I just kept asking, “Who picked this book, and why?”

I found out later that there was a Berkeley graduate with radical politics, new to the English department, with powerful relatives, who’d suggested it. Other staffers meekly went along with her. My query had exposed the unprofessional way curriculum wound up in front of students at that school. They were embarrassed.

So they stonewalled me. Their shields were up. It was groupthink, bigtime.

Advised to keep my concerns under the radar so as to not embarrass them any further, I went to the library and researched “Griffin” and the three other novels on the assigned reading list, which were just as bad. All four were written by women in the past 20 years; all four had “victimization” themes on genocide, suicide, euthanasia, racial violence and bigotry.
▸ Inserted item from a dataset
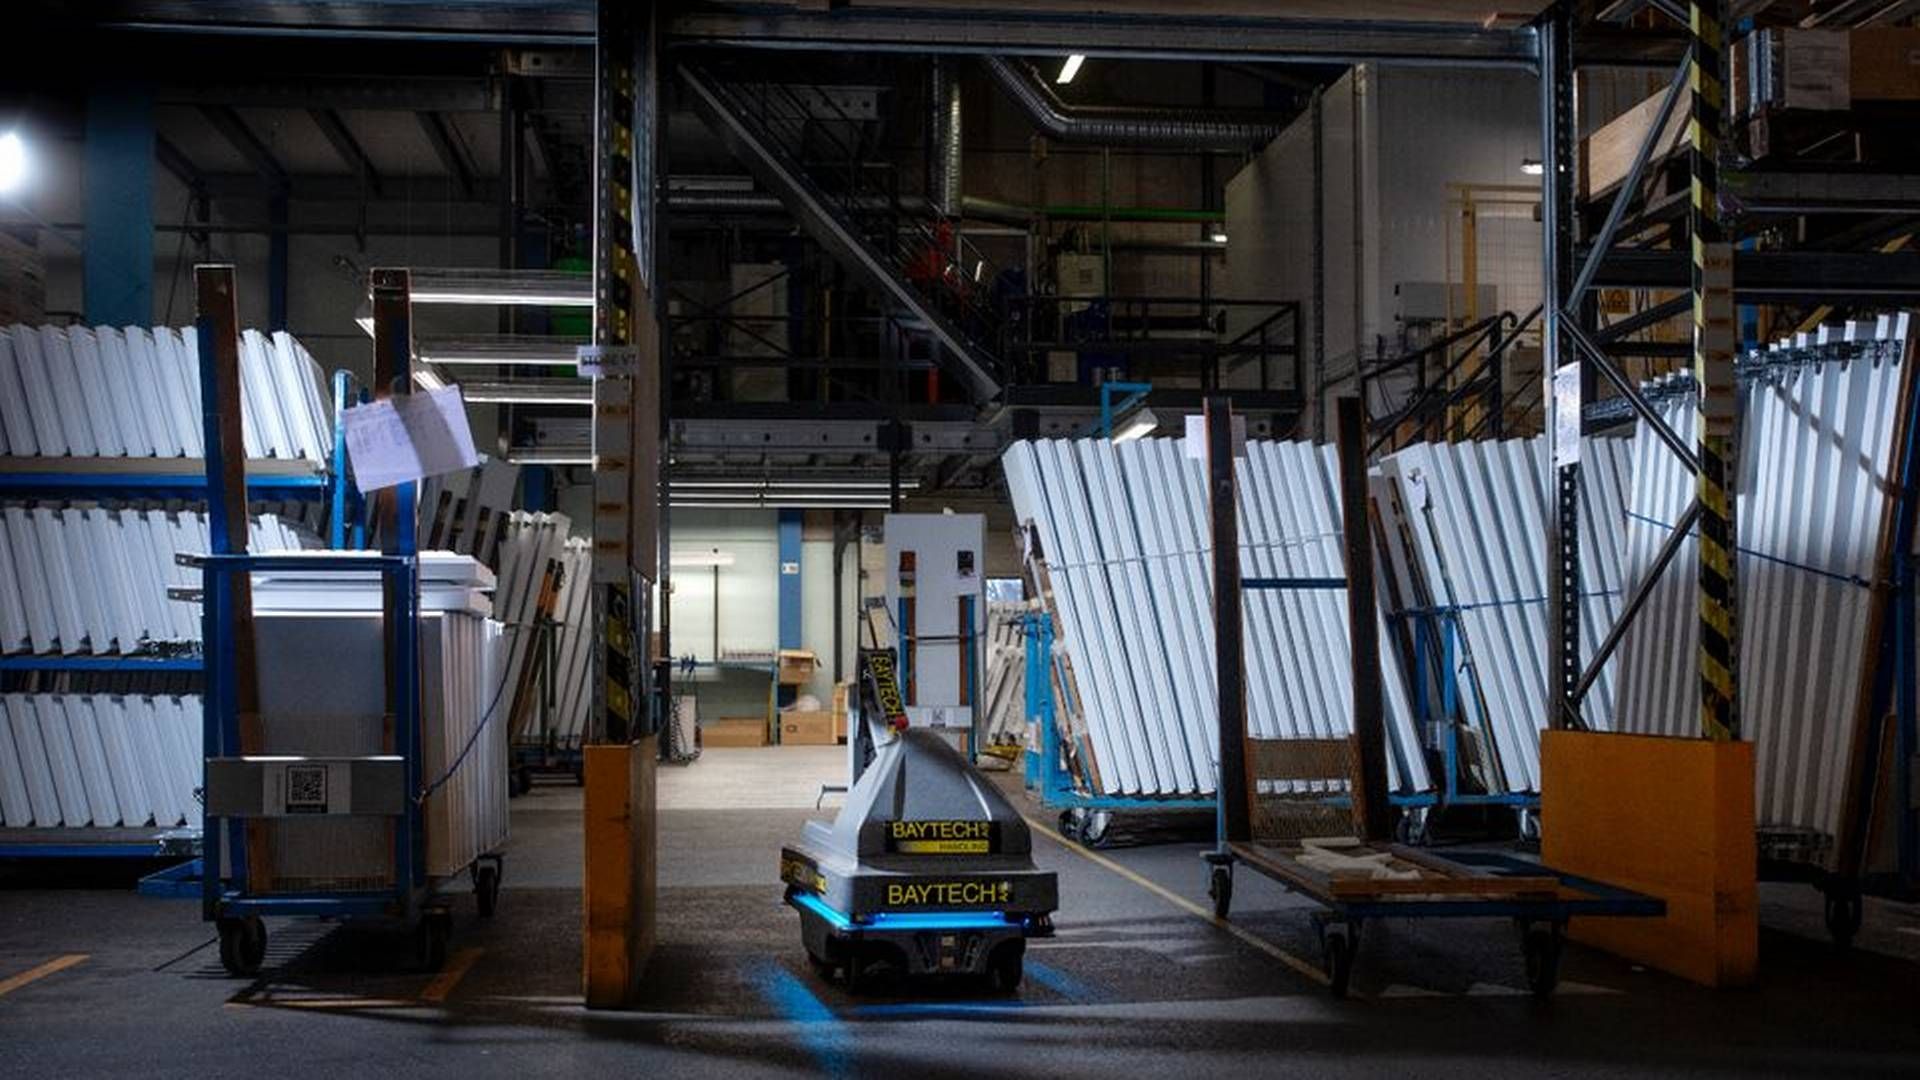 Esbjerg-virksomheden Vestfrost rundede i 2021 600 mio. kr. i omsætning. Forventningerne til 2022 lyder dog på et moderat fald i omsætning og et betydeligt fald i indtjeningen, skriver ledelsen i sin beretning. | Foto: Foto: Pr

After about 20 hours of work, I turned in a report to school officials and a sympathetic school board member, including:

-- Detailed requests for reconsideration of educational materials on forms provided by the school;
-- Author biographies;
-- Critical reviews;
-- Photocopies of objectionable passages;
-- A list of classic books which covered the same basic themes with better writing, no profanity, no graphic violence, higher-level vocabulary, better plots and more vivid characterizations -- quality alternatives to each of the four books;
-- A list of the great books I had read at about that same age in the same district (including Aesop, Hawthorne, Tolstoy, Wilde, Stevenson, Kipling, etc.);
-- A list of 30 excellent literary classics available in inexpensive paperback at a nearby bookstore;
-- A summary of the “menu-driven” reading programs of other area middle schools that I hoped ours could emulate;
-- A copy of the orientation materials given to parents on Curriculum Night, which did not list the four assigned novels;
-- Suggestions such as giving parents a syllabus at the start of the school year so that it didn’t appear they were hiding what they were teaching;
-- A copy of the middle school’s “Summer Reading List” for the year before, which included two of the four assigned novels, meaning that some kids were reading the same books twice;
-- An article by a children’s literature professor about the connection between violence in the media – including school media -- and real-life violence;
-- I rented the most shocking movie of the past, “A Clockwork Orange,” and compared its profanity – six curse words – to the 27 in “Killing Mr. Griffin.”

After all that . . . nothing happened.

I finally took the matter public, which I probably should have done from the first. I ratcheted up the pressure by handing out a one-page fact sheet about these books at Open House. Finally, with other parents complaining, too, school officials set up a study committee. It was composed of all insiders who were financially dependent on the district’s good graces. I knew it was a sham, but at least it was better than nothing.

Five months later, the committee finally issued a brief, weak, poorly-worded report. They agreed that “Killing Mr. Griffin” was “inappropriate,” and should be removed from the curriculum. The other three bad books, however, they thought were dandy. The implication was: here, we’ll throw you a bone; now, go away.

So we did; we moved away. Our daughter and I had taken a lot of abuse, been subjected to rumors and gossip – including one howler, that I didn’t believe the Holocaust had ever happened (?) -- and had been mistreated and patronized by a school district we had supported and brought honor to.

We moved to a better district. I got along fine with the new English department, who miraculously know a real book from schlock.

Our three older kids graduated with honors and got bigtime college scholarships. The youngest is in a private Christian school; book selection is great, and life is rosy.

For years, I ran into parents and educators who thanked me for standing up to the powers that be. We agreed that parents need to be as careful with what schools are putting into our children’s hearts and minds as we are with the food we’re putting into their bodies. And if schools try to feed ‘em junk in the form of lousy books, you’ve got to squawk.

If enough of us do, we’ll prevail. Together, we can steer schools back to teaching kids the great stories of the ages . . . and we can all live happily ever after.